In designing the set and painting the backdrops, Johnson, trained as an architect, pursued that same vision. Among her sources of inspiration was Rome’s Porto del Popolo, the gate by which most pilgrims during the Renaissance received their first glimpse of the Eternal City.

She credits the idea to one of her younger sisters, Maddalena, a Notre Dame architecture student who had just finished her year of study in Rome. They were sitting in the “piazza of the people,” Johnson says, contemplating its monumental scale and the pair of churches at its southern end, one regarded as the “church of the artists” and the other dedicated to Our Lady of the Miracle, and the idea came forth. What about this? Another minor epiphany in the ballet’s collective creative adventure.

“I’m awestruck by how this whole production is coming from the hearts of two loving parents,” says Kretzschmar.

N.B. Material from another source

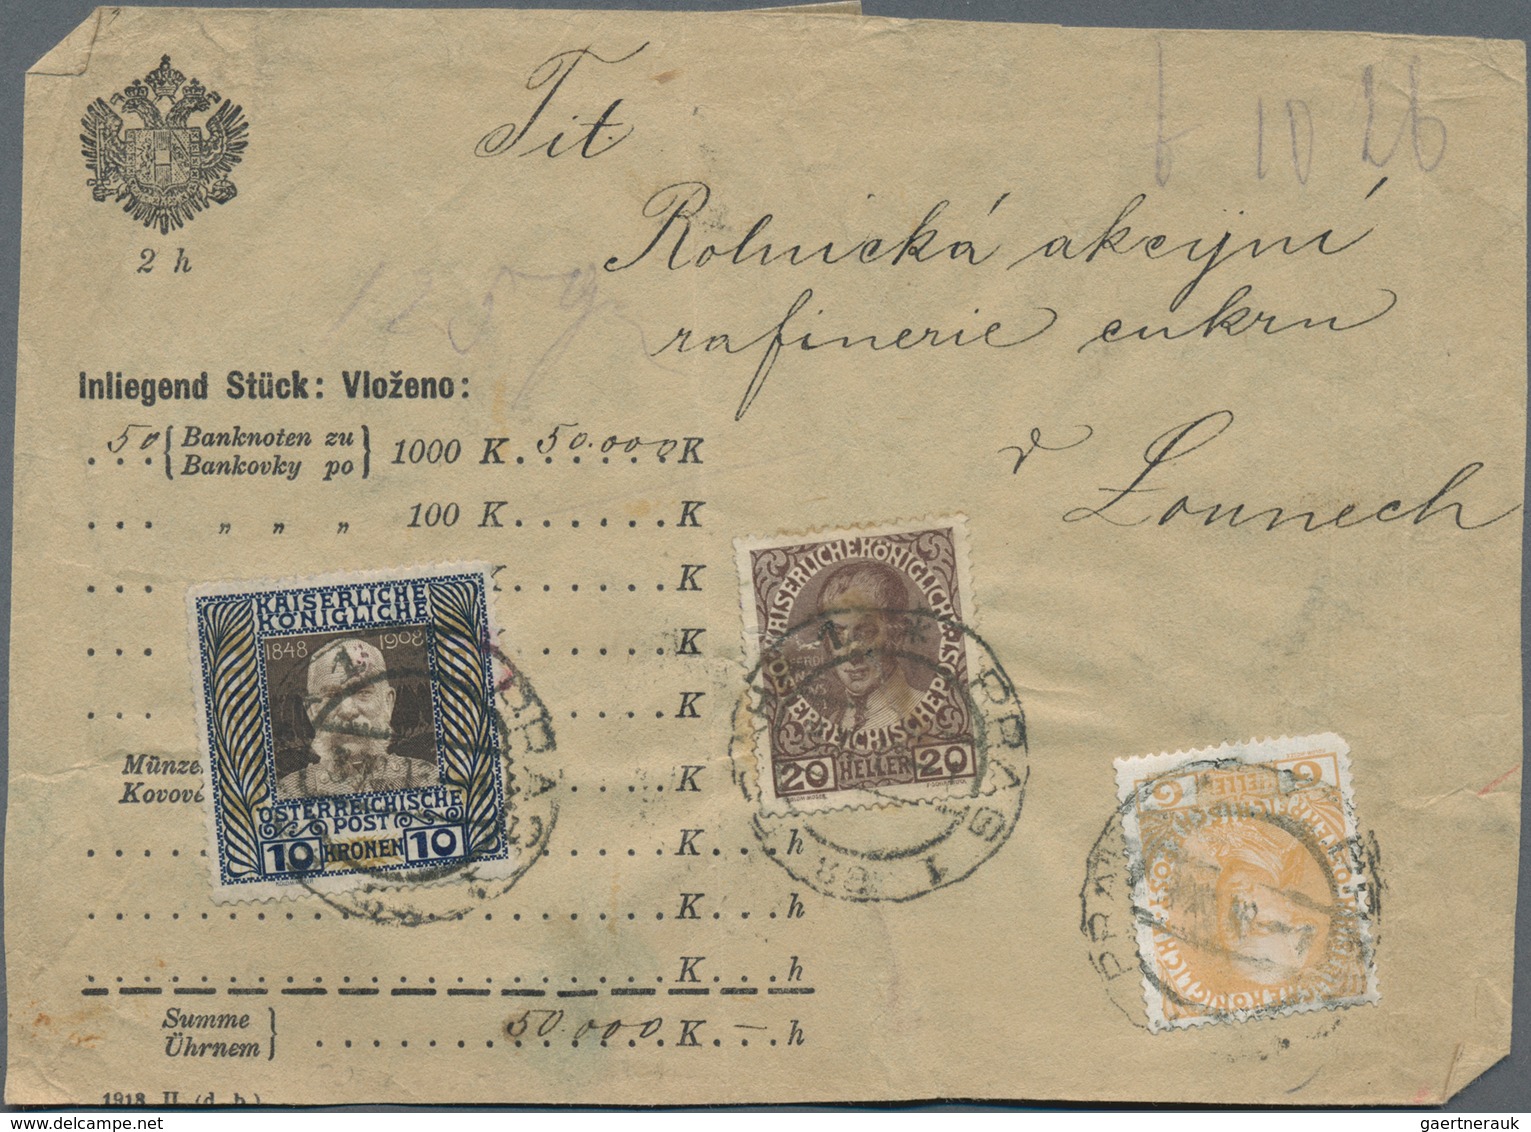 Österreich: 1915-1940, Partie mit 27 besseren Briefen und Belegen, dabei auch WIPA Marke auf Karte,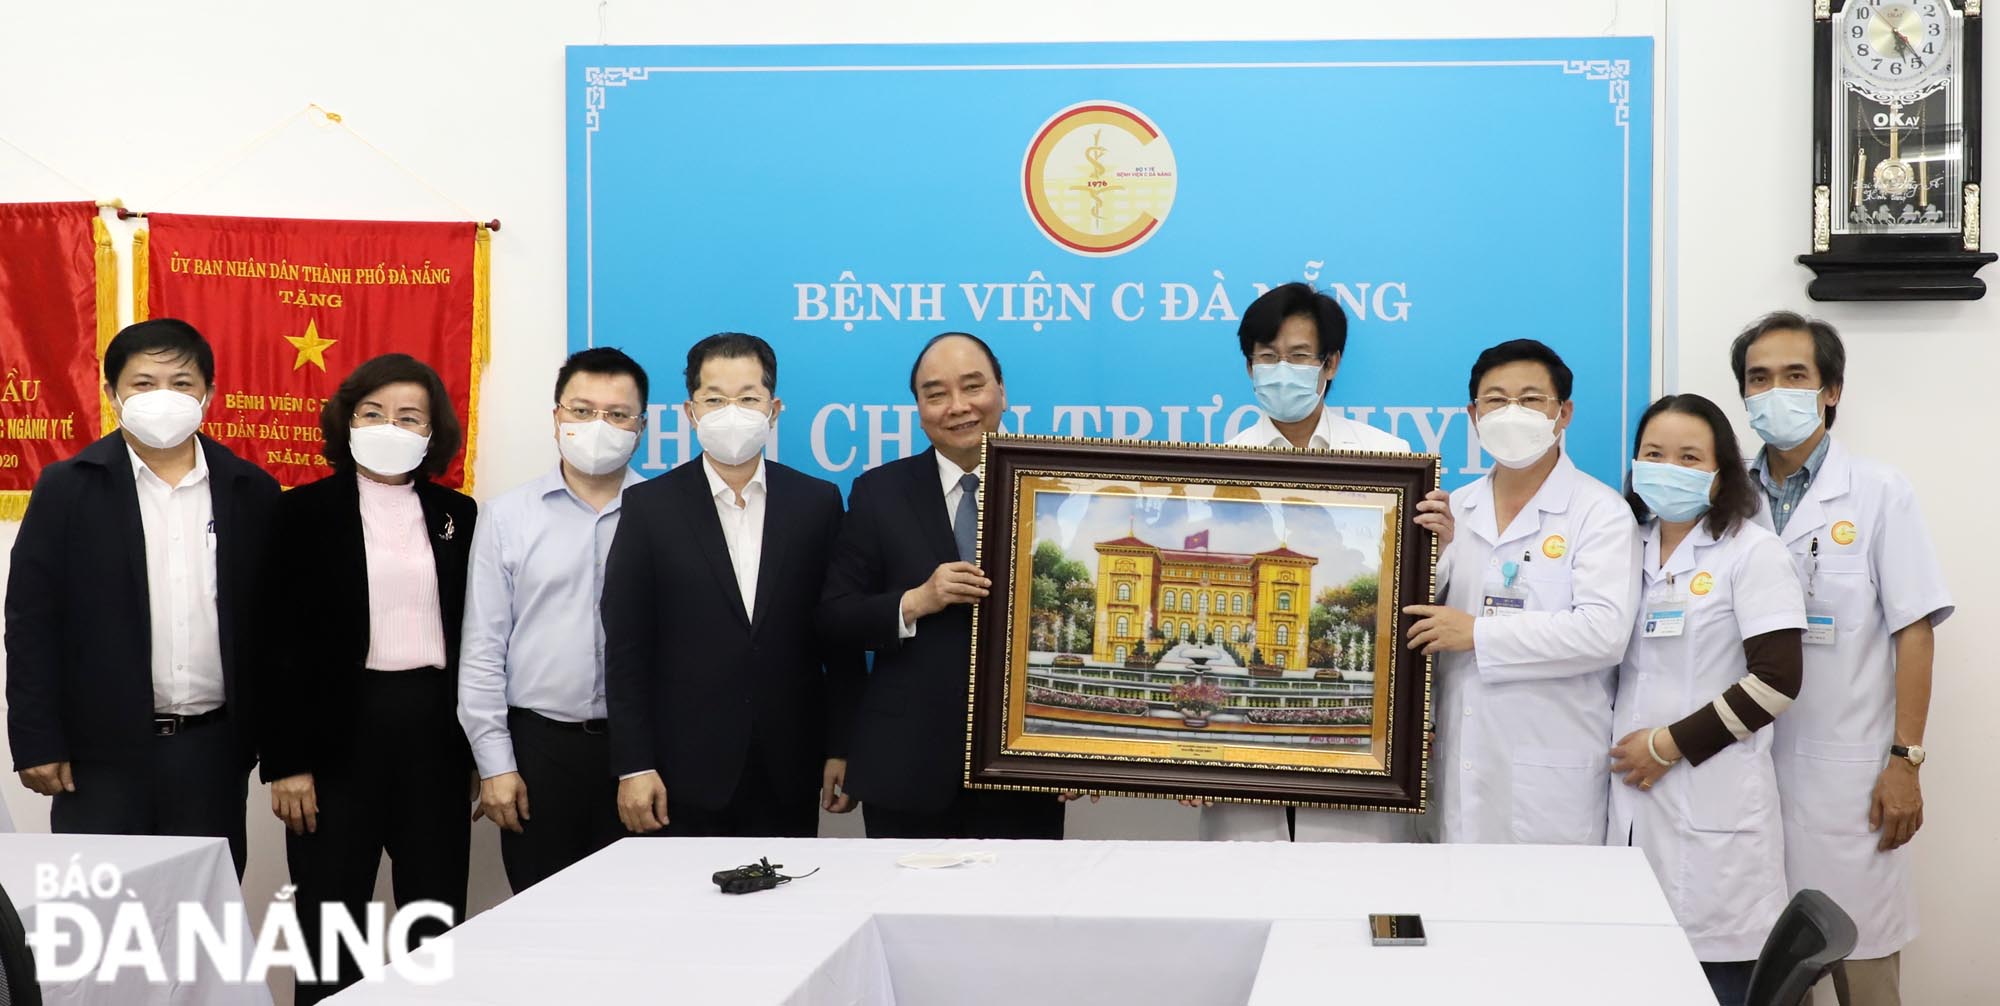 Chủ tịch nước Nguyễn Xuân Phúc tặng quà lưu niệm cho Bệnh viện Đà Nẵng. Ảnh: NGỌC PHÚ

“I’m just at this moment grateful . . . we can have a moment to remember Rafaella, to enjoy a ballet together on a summer night in South Bend, Indiana,” Ruth Stroik replies.

And the way to do that, adds LaFreniere, who was injured in June while preparing to tell her friend’s story in dance, is not to look for anything. Just sit back and take in a classic story told live and in person, but without words.

“What’s so special about art is it’s subjective,” LaFreniere says. “Everyone comes home with a different feeling, a different emotion, a different inspiration. And that’s why it’s so important, and still so relevant.”


John Nagy is managing editor of this magazine.